I just got notice of the latest SKM update for our computers, I will be curious to see if they have added same feature.

ETAP version I have is 12.5

 

[xguard]

It seems to me that you should go back to the definition of transformer impedance, and use this to calculate the effective impedance of the paralleled pair, and then model this as a single transformer.

The impedance of a transformer is the % voltage, when applied to the primary, which will result in nominal full load current in the _shorted_ secondary. The impedance is presumed to be linear; if you double the primary voltage you would expect to double the current in the shorted secondary.

As a separate note: from the drawing, the X2 connection between the transformers does not follow the same path as X1 and X3; this may be a problem.

-Jon

In EasyPower when I parallel transformers it adds the available short circuit current of each transformer to the other at the bus where they are connected on the secondary side. So if I do the simulation with one transformer at a time I get a value for each, if I do the simulation with them in parallel I get a value that is the same as combining the two values from the independent situations. I'm not following the how to calculate an effective impedance from the information I have. Is this not how you understand calculating available short circuit current of paralleled transformers? (Granted I'm using parallel 3 phase tranformers in Easy Power because it looks like all there is to choose from.)

 

[kingpb]

In EasyPower when I parallel transformers it adds the available short circuit current of each transformer to the other at the bus where they are connected on the secondary side. So if I do the simulation with one transformer at a time I get a value for each, if I do the simulation with them in parallel I get a value that is the same as combining the two values from the independent situations. I'm not following the how to calculate an effective impedance from the information I have. Is this not how you understand calculating available short circuit current of paralleled transformers? (Granted I'm using parallel 3 phase tranformers in Easy Power because it looks like all there is to choose from.)

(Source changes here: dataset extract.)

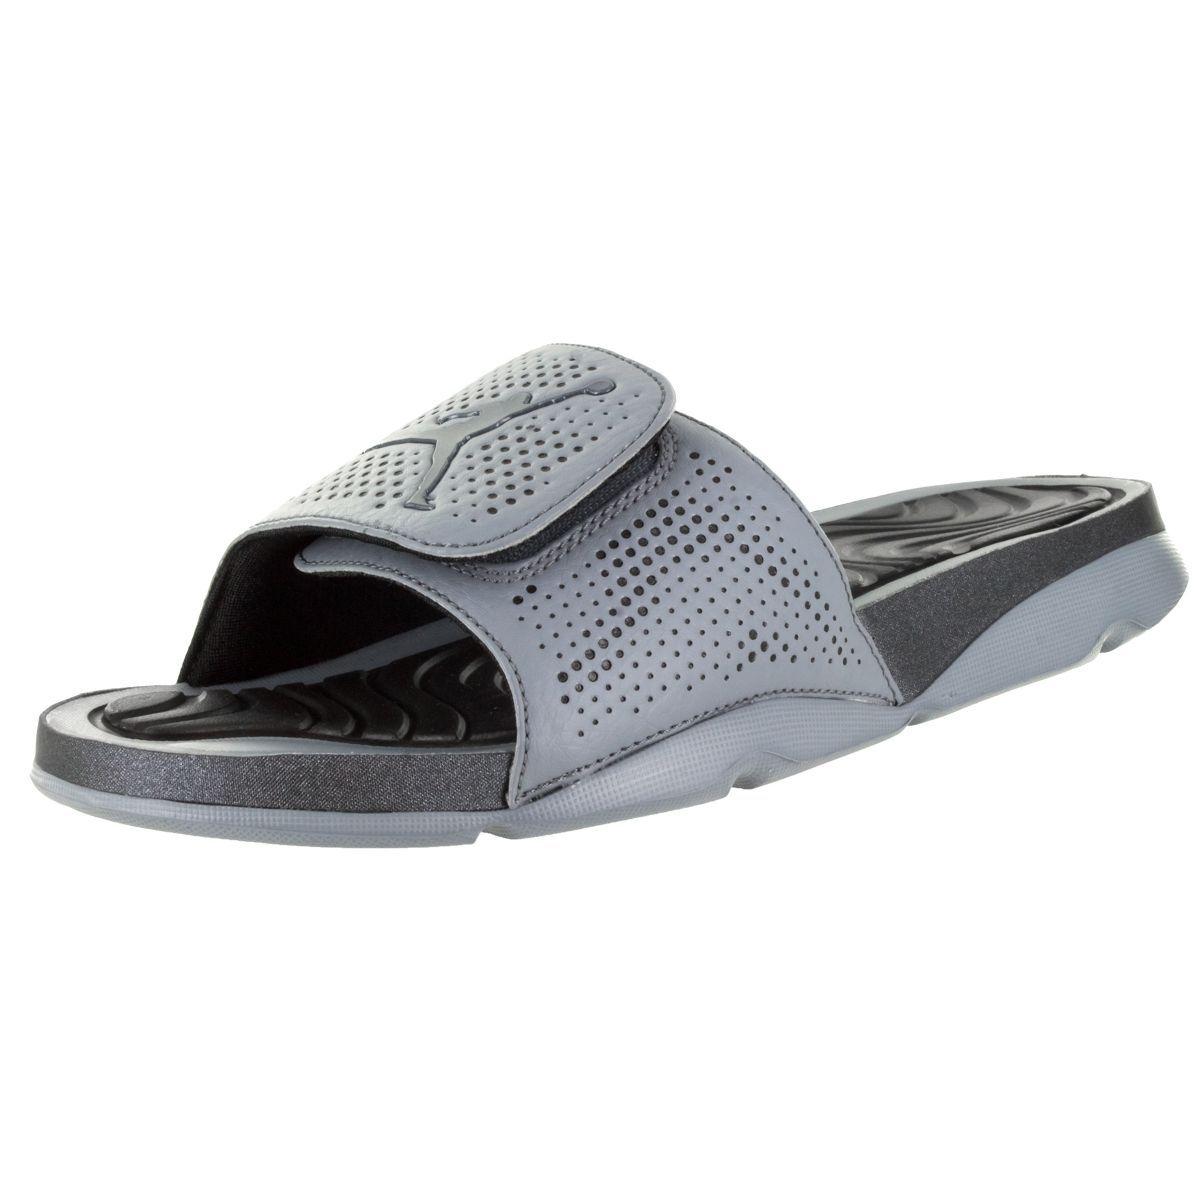 3d8c08f5a81f0 Nike Jordan Men s Jordan Hydro 5 Cool Grey  Hematite Black Sandal ...

I would think it would add them, providing the available short circuit current on the HV side is great enough such that it is maxing out the let through current of the transformers. If you look at the MVA Method of calculating SC currents, MVAsc in parallel add (like series reactance) and series MVAsc adds like parallel reactance. Intuitively, this makes sense because additional reactance in series increases total reactance, and the additional reactance means less fault current. Same with parallel, the reactance in parallel deceases total reactance therefore increasing fault current.

It would be interesting to model the set-up to see how it compares; post the system info ahead of the transformers, and the voltages and so forth.

 

[xguard]

I would think it would add them, providing the available short circuit current on the HV side is great enough such that it is maxing out the let through current of the transformers. If you look at the MVA Method of calculating SC currents, MVAsc in parallel add (like series reactance) and series MVAsc adds like parallel reactance. Intuitively, this makes sense because additional reactance in series increases total reactance, and the additional reactance means less fault current. Same with parallel, the reactance in parallel deceases total reactance therefore increasing fault current.

It would be interesting to model the set-up to see how it compares; post the system info ahead of the transformers, and the voltages and so forth.

The Primary Voltages are:
L-L 13.2 KV
L-N 7.62 KV

Primary Available Fault Current
L-G 3527 A
L-L 3979 A
L-L-G 4312 A

 

[kingpb]

The Primary Voltages are:
L-L 13.2 KV
L-N 7.62 KV

Primary Available Fault Current
L-G 3527 A
L-L 3979 A
L-L-G 4312 A

Do you have the R and X values, or X/R ratios. Also, what about 3-phase fault.